At a glance, the photo up top looks like an ordinary photo of an ordinary street, taken either from a dash cam or from someone foolish enough to wander into the road to snap a picture of such a mundane scene.
But look a little closer. Notice how the traffic signal is slightly warped, or how some of the cars seem fuzzy? There’s something wrong here. This isn’t a photograph at all. It’s an image that was created entirely by an A.I.
Computer scientists from the tech company Nvidia and the University of California, Berkeley have written a research paper, available in preprint on arXiv, detailing how they were able to get a neural network to generate realistic street images and human portraits. They even included a user interface that lets you tweak the pictures however you’d like by adding extra foliage or even changing the weather.
“Gaming is growing fast, because people love interacting with each other in virtual environments,” Ming-Yu Liu, a senior scientist at Nvidia, tells Inverse in an email. “However, building virtual worlds is expensive with today’s technology, because it requires artists to explicitly model and simulate texture and lighting for the world they’re building. With image-to-image translation, we can instead sample the real world to create virtual worlds.”
Neural networks are computers modeled to work like a human brain by taking in information, applying it, and learning from the results. This research used special types of neural nets introduced by Ian Goodfellow in 2014, called generative adversarial networks — or GANs — which generally consist of two networks, the generator and discriminator.

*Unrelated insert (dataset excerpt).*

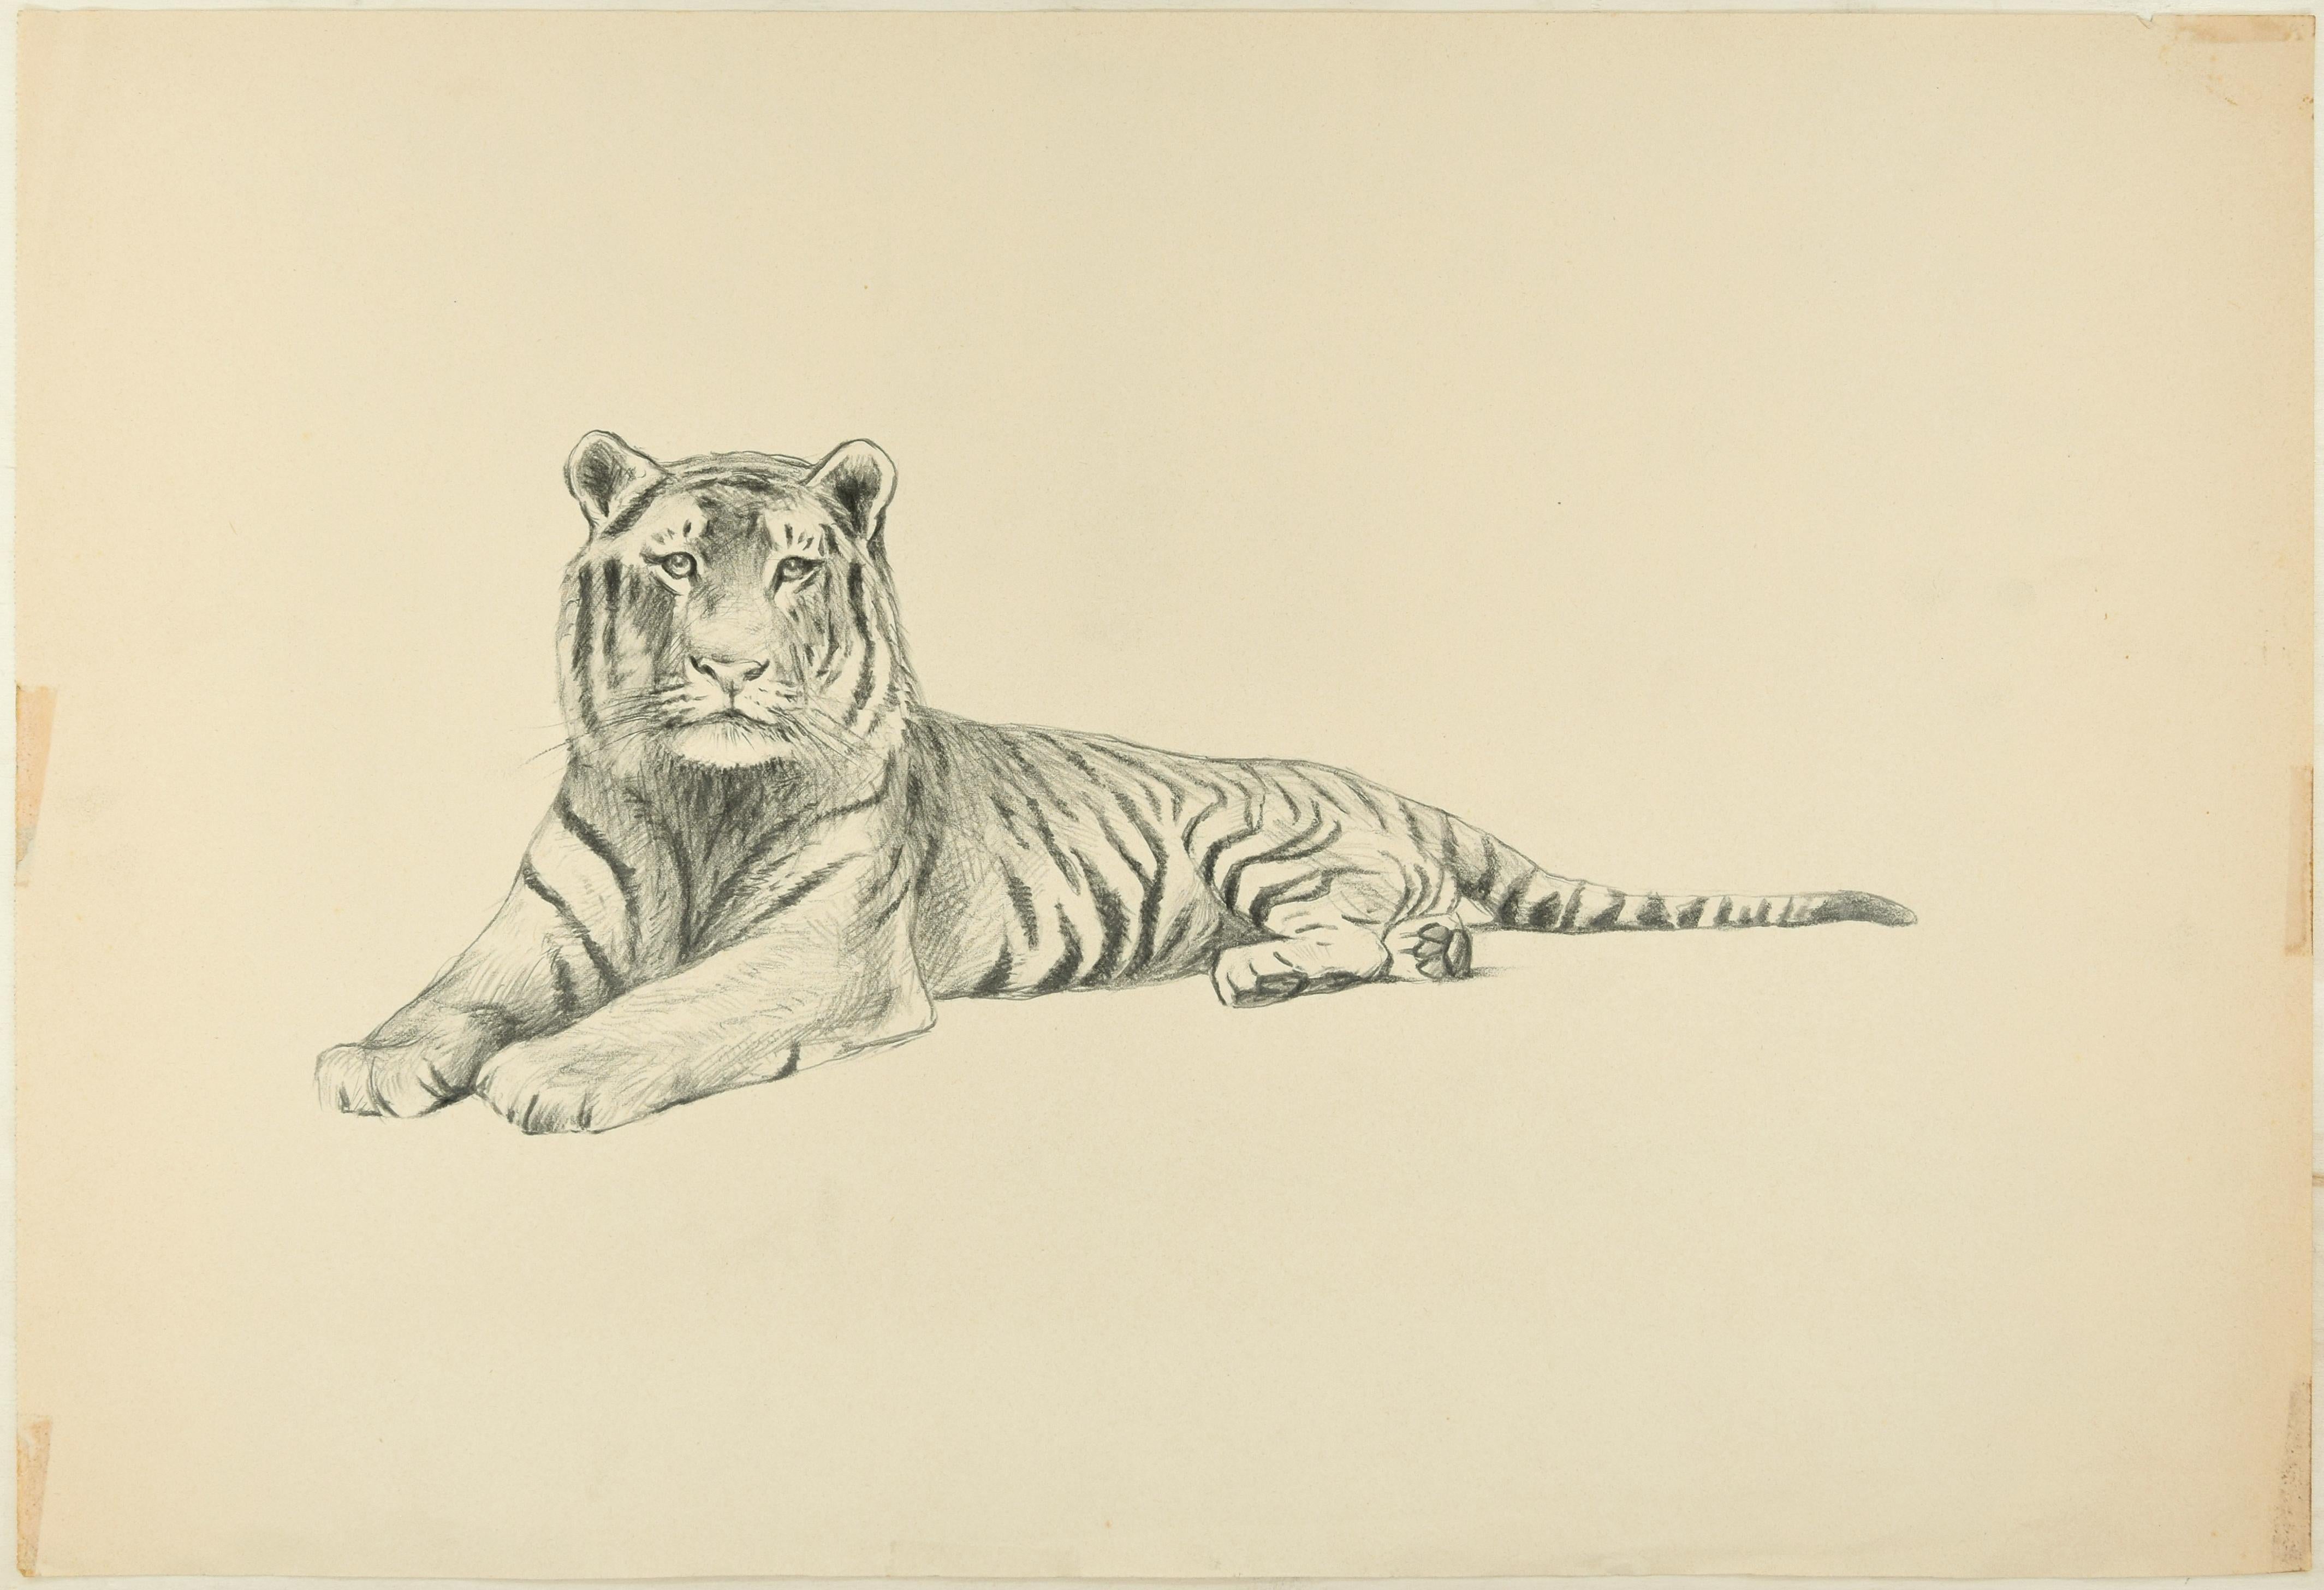 Wilhelm Lorenz Animal Art - Lying Down Tiger - Original Pencil Drawing by Willy Lorenz - 1950s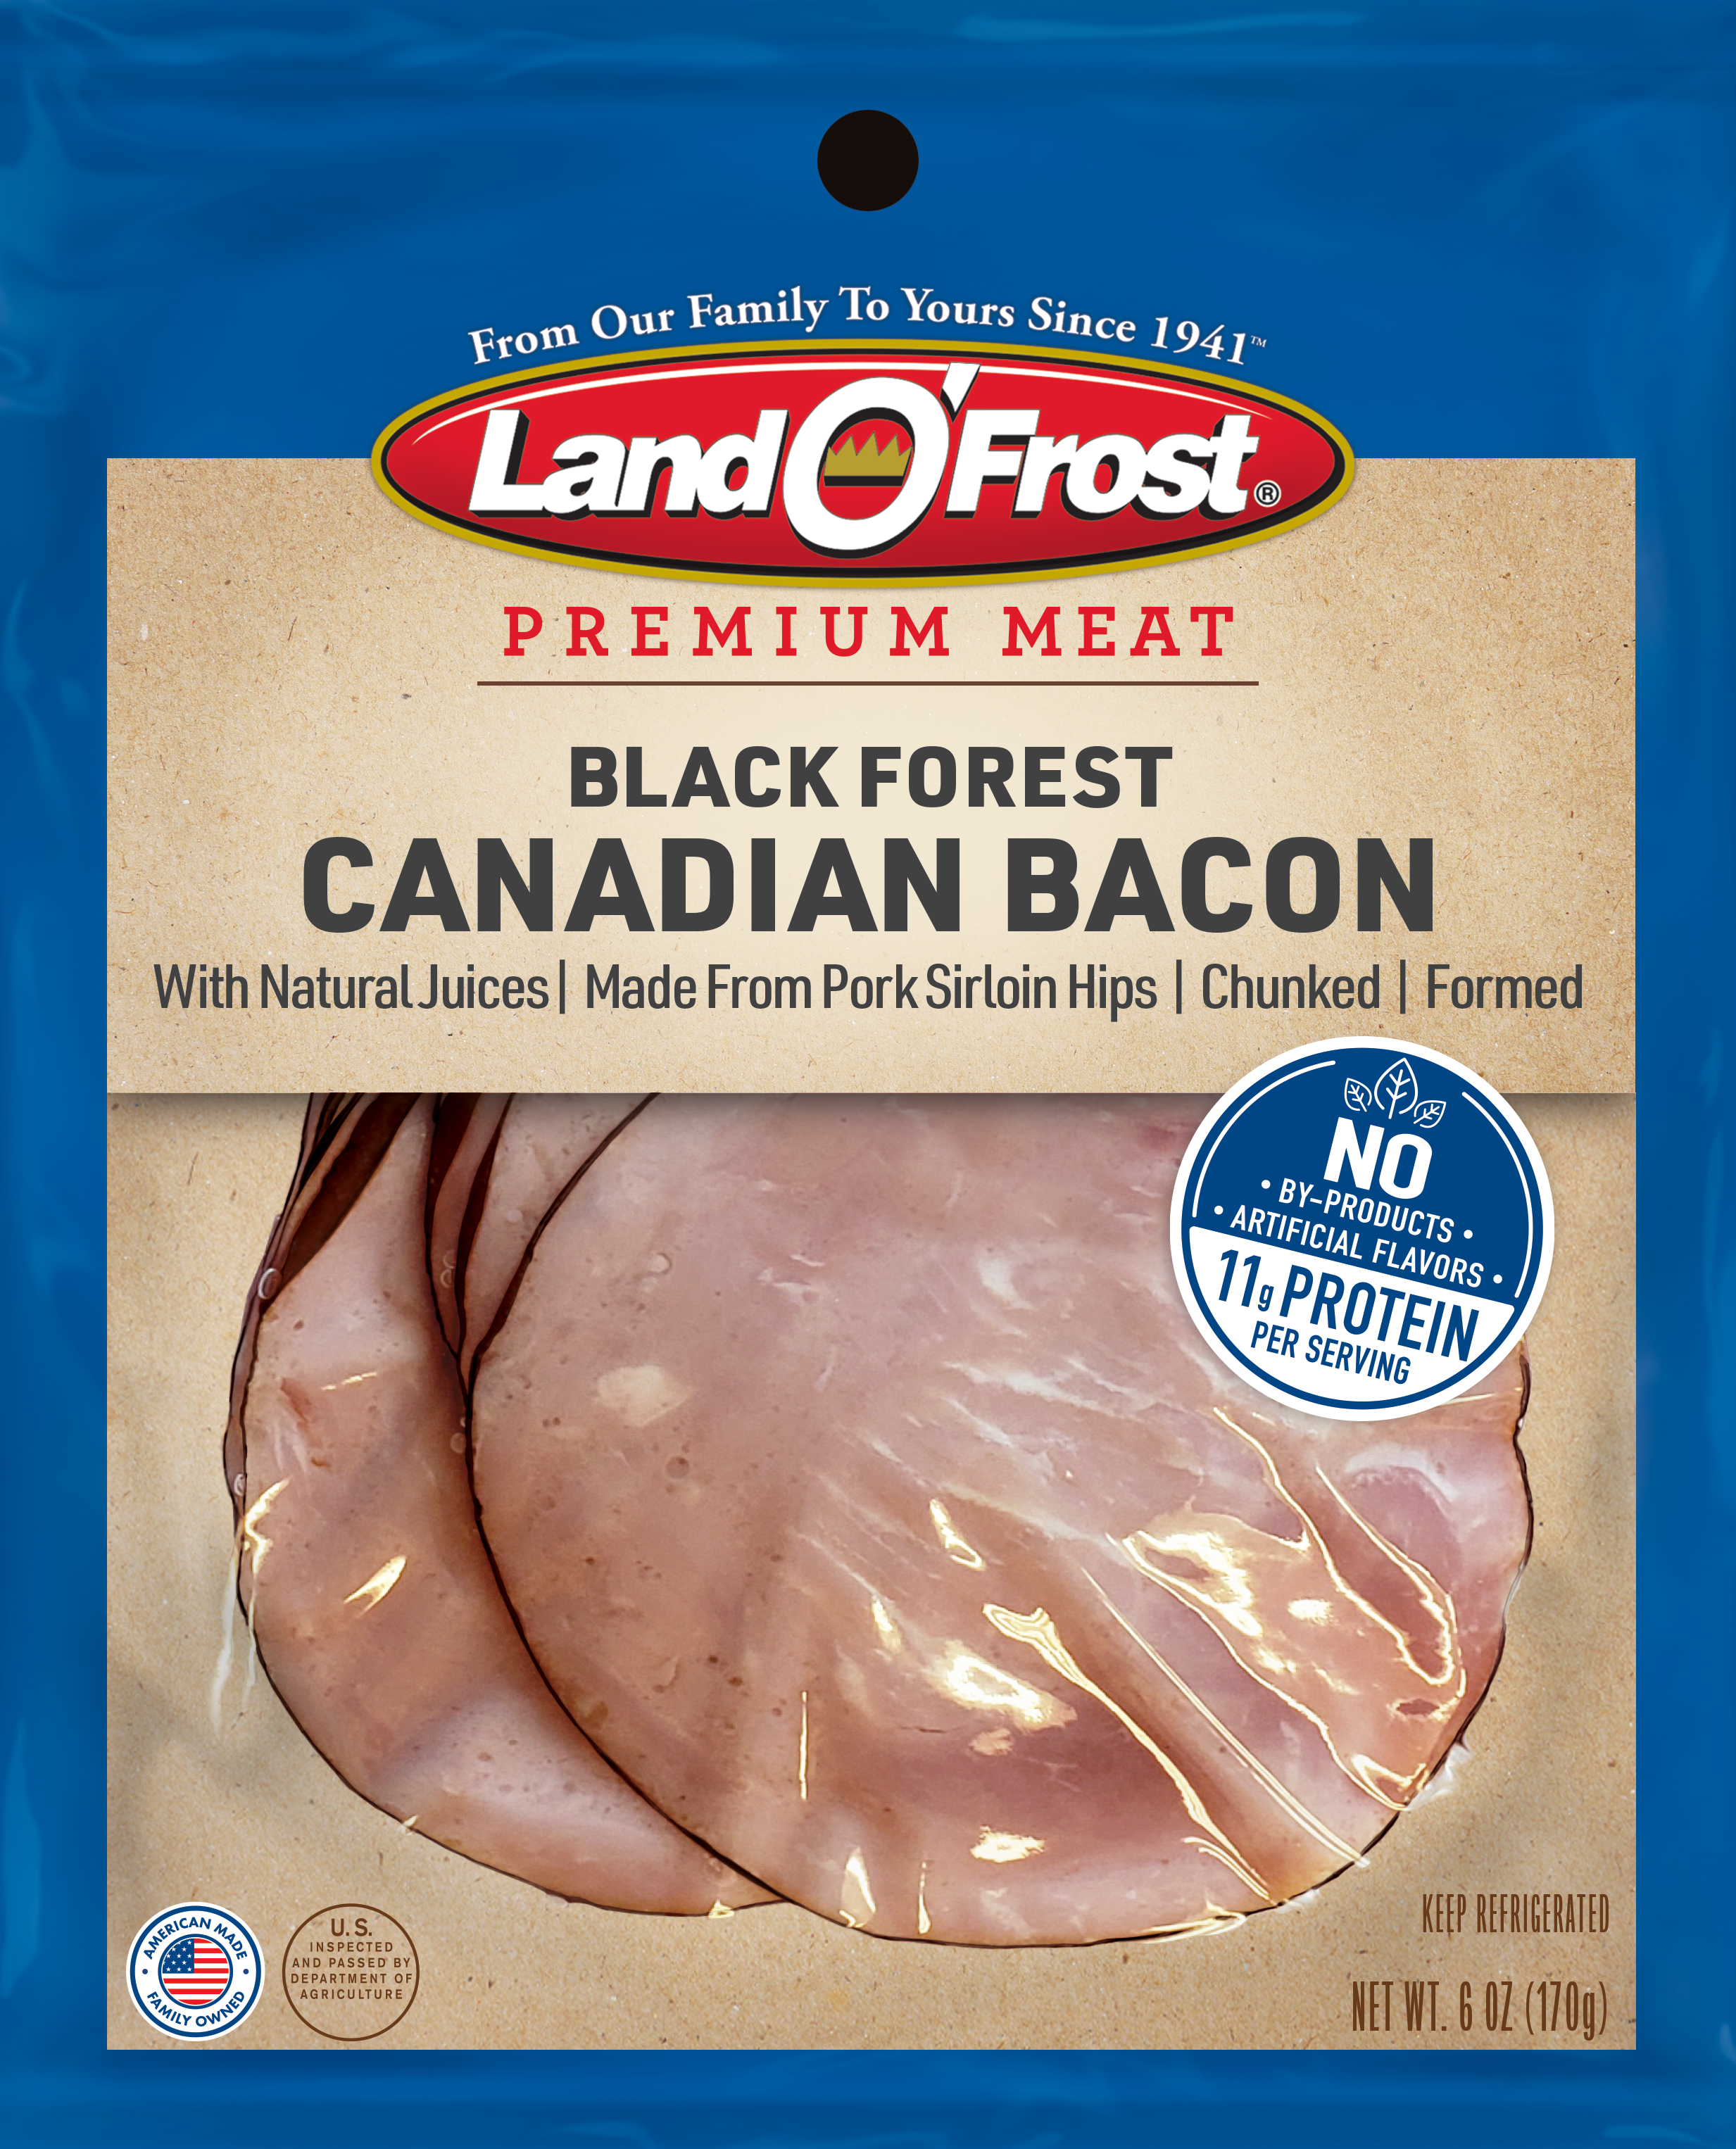 Premium - Black Forest Canadian Bacon

The generator is given photos and begins to create synthetic images similar to the ones it was given. It then shows a mix of the images it was given and the fakes to the discriminator, whose job it is to tell them apart. As this process goes on, the generator becomes better at mimicking the original images and the discriminator becomes better at telling the fakes apart. The results are some pretty convincing — and totally fake — pictures.
This research builds on the traditional GANs model by adding splitting the generator and discriminator networks into a few sub-networks, allowing for the output of higher-resolution images. The neural networks are also able to take in a semantic map — or a blueprint of how the photo is supposed to look like — and fill in the textures autonomously. Users can even go into the blueprint and change things if they want to add buildings instead of trees in a street-view or make the eyes wider in a portrait.
The paper compares its results to similar experiments done using this method, the most notable one being pix2pix. The Nvidia and UC Berkeley study is able to generate images with details as tiny and precise as legible license plates, while pix2pix outputs images that almost look like watercolor paintings.
While this tool could be used to earn some free reddit karma with a couple of outlandish photos, the authors see huge potential in utilizing this approach to generate realistic graphics with just a simple blueprint.
Hundreds of hours of painstaking labor go into generating virtual worlds for use in Google Maps, films, and video games. Liu says this model could serve as a way to painlessly get most of the designing done and then go in and tweak the details later.
“Instead of rendering the world by explicitly modeling it, we can build the world implicitly by using image-to-image translation to translate between a simple model of the world that doesn’t contain any texture or lighting, and a photo-realistic output. This capability should make it much cheaper to build virtual worlds,” he tells Inverse.
For the next step in this research, the team hopes to explore video-to-video translation, which would use neural nets to create realistic videos. A goal that Lui says has challenged researchers in the field.
Now you know how easily fake images can be created. Don’t trust everything you see on Google images.